If portion control is an issue for you, you may want to research 'volumetrics' (the most filling food for maximum fullness)

Lots of vegetables, white fish, shrimp, stuff like that.


----------



## MummyToAmberx

Lollip0p said:


> so how is everyone going to diet?
> 
> im thinking i might cut down on potatoes, what food fills everyone up but is great for slimming?
> 
> im going to have to get rid of all the nice things in the new year :( asit will be tooooooo tempting

I personally think potatos are fine in right portion side, good source of stratchy carbs. 

Protein foods fill me up, fish, tuna, chicken i eat alot of these,


----------



## daniellelk

I plan on just trying to have at 3meal's aday, cut out choclate snack's, stop with the take away's..maybe once a week...got to treat your self, getting back into going on the wii fit and getting back into walking again...that's how I lost my weight before, walking and wii fit.


----------



## Lollip0p

Thanks,

Can any one recommend any games for the wii or will balance board? to help loose weight, my mum wants to know some games she can get for me


----------



## lauzie84

Lollip0p said:


> so how is everyone going to diet?
> 
> im thinking i might cut down on potatoes, what food fills everyone up but is great for slimming?
> 
> im going to have to get rid of all the nice things in the new year :( asit will be tooooooo tempting

I'm just going to cut out all the crap during the week, won't push it too hard at the weekend, will allow myself treats at weekends. 

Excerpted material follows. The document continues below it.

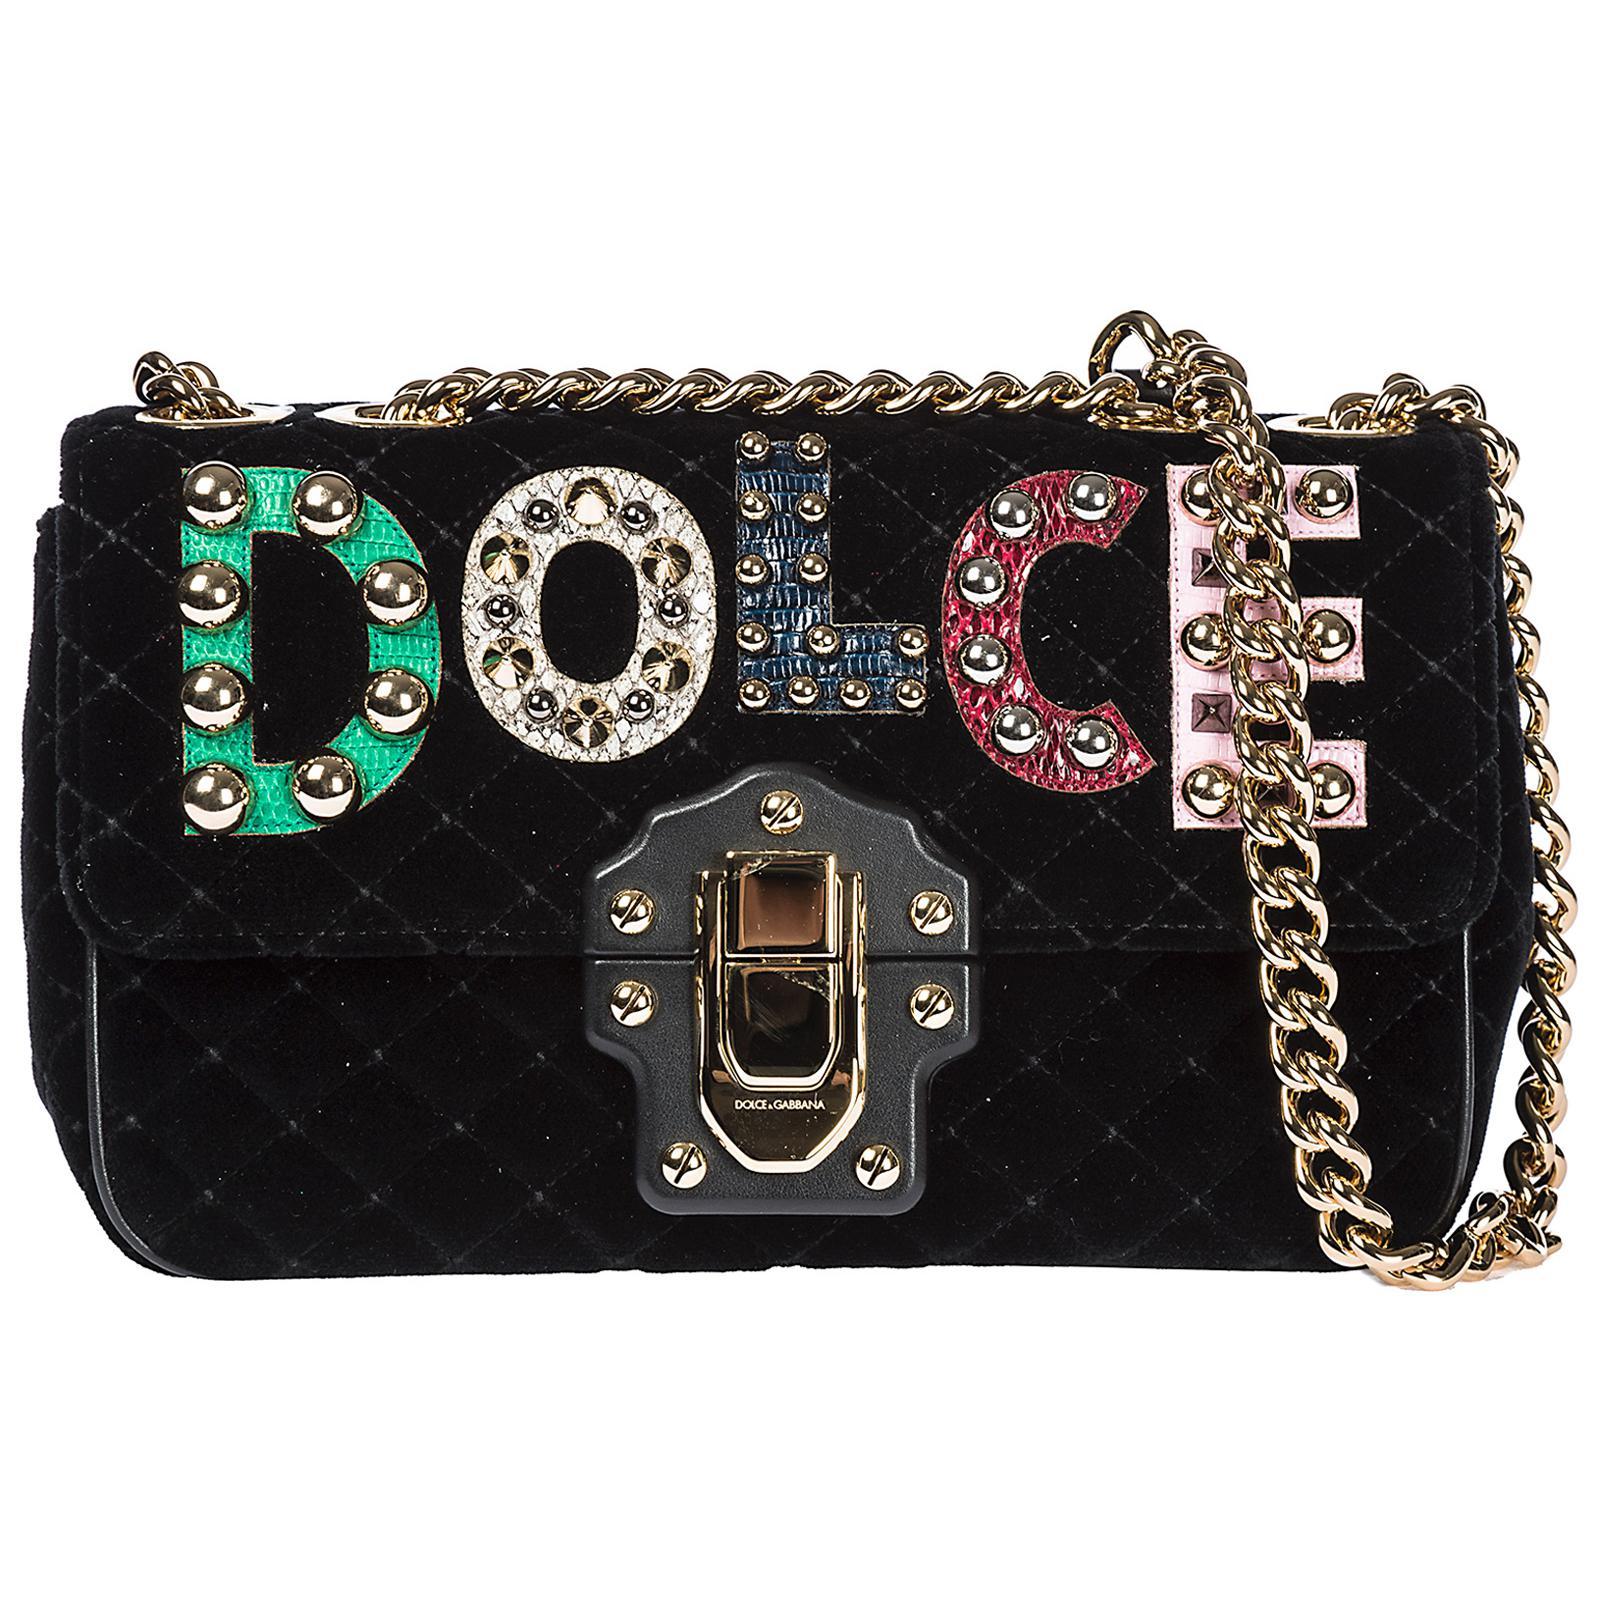 e2f3c4830cce Dolce   Gabbana Shoulder Bag Lucia in Black - Save ...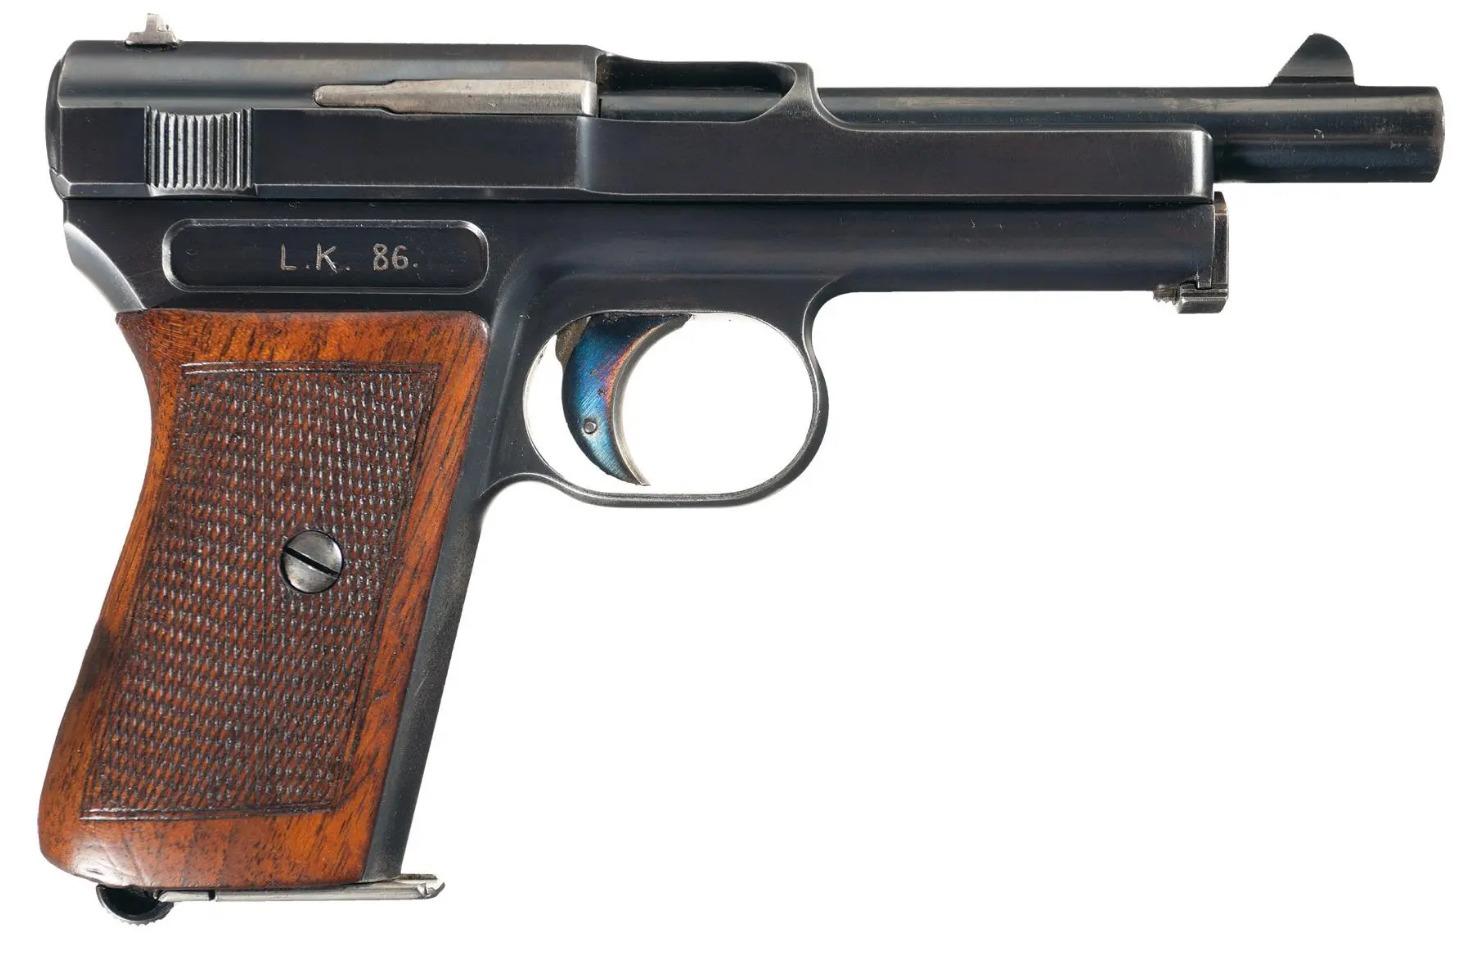 Mauser M1914 humpback long barrel automatic pistol

The only food that really fills me is bread...and that is bad! Don't know what I'm going to exchange that for :wacko:


----------



## daniellelk

Lollip0p said:


> Thanks,
> 
> Can any one recommend any games for the wii or will balance board? to help loose weight, my mum wants to know some games she can get for me

I only use wii fit plus, I had my fitness work out cardio, and didn't find it any use.


----------



## lucy_x

superbecks said:


> Can I join too please? I am currently a size 18 and getting married on 20th August 2011. I would like to be a slim 14 if that is at all possible in 8 1/2 months?!
> 
> I did slimming world last year n did quite well but have since put it back on. I feel so fed up and down now and disgusting, I need to do something and stick to it, im just a failure when it comes to dieting! So it would be great to have some support from you girls....I really don't want to be a size 18 bride! xxx

my sister went from a size 20 to 14 in approx 8 months, using something on the internet called sparkpeople.com.
its dead easy to use, she didnt follow the meals tho, she ate what she wanted, when she wanted, and they give you a calorie range etc to use within that day, aslong as its under your calorie limit, its allright!
its free to use too!
she exercised every day tho, rather than the 3 days they suggest! but they dont expect you to do alot!!


----------



## daniellelk

How often and when does everyone plan to get weighed? 
Like once a week on the same day? or other? x


----------



## sarah1726

im going to start weighing myself on a friday evening :) xxx


----------



## MummyToAmberx

Lollip0p said:


> Thanks,
> 
> Can any one recommend any games for the wii or will balance board? to help loose weight, my mum wants to know some games she can get for me

biggest loser game has helped me to loose ALOT of my weight this year. 
Deffo say get that.

Avoid your shape though with webcam its crap.


----------



## MummyToAmberx

lucy_x said:


> superbecks said:
> 
> 
> Can I join too please? I am currently a size 18 and getting married on 20th August 2011. I would like to be a slim 14 if that is at all possible in 8 1/2 months?!
> 
> I did slimming world last year n did quite well but have since put it back on. I feel so fed up and down now and disgusting, I need to do something and stick to it, im just a failure when it comes to dieting! So it would be great to have some support from you girls....I really don't want to be a size 18 bride! xxx
> 
> my sister went from a size 20 to 14 in approx 8 months, using something on the internet called sparkpeople.com.
> its dead easy to use, she didnt follow the meals tho, she ate what she wanted, when she wanted, and they give you a calorie range etc to use within that day, aslong as its under your calorie limit, its allright!
> its free to use too!
> she exercised every day tho, rather than the 3 days they suggest! but they dont expect you to do alot!!Click to expand...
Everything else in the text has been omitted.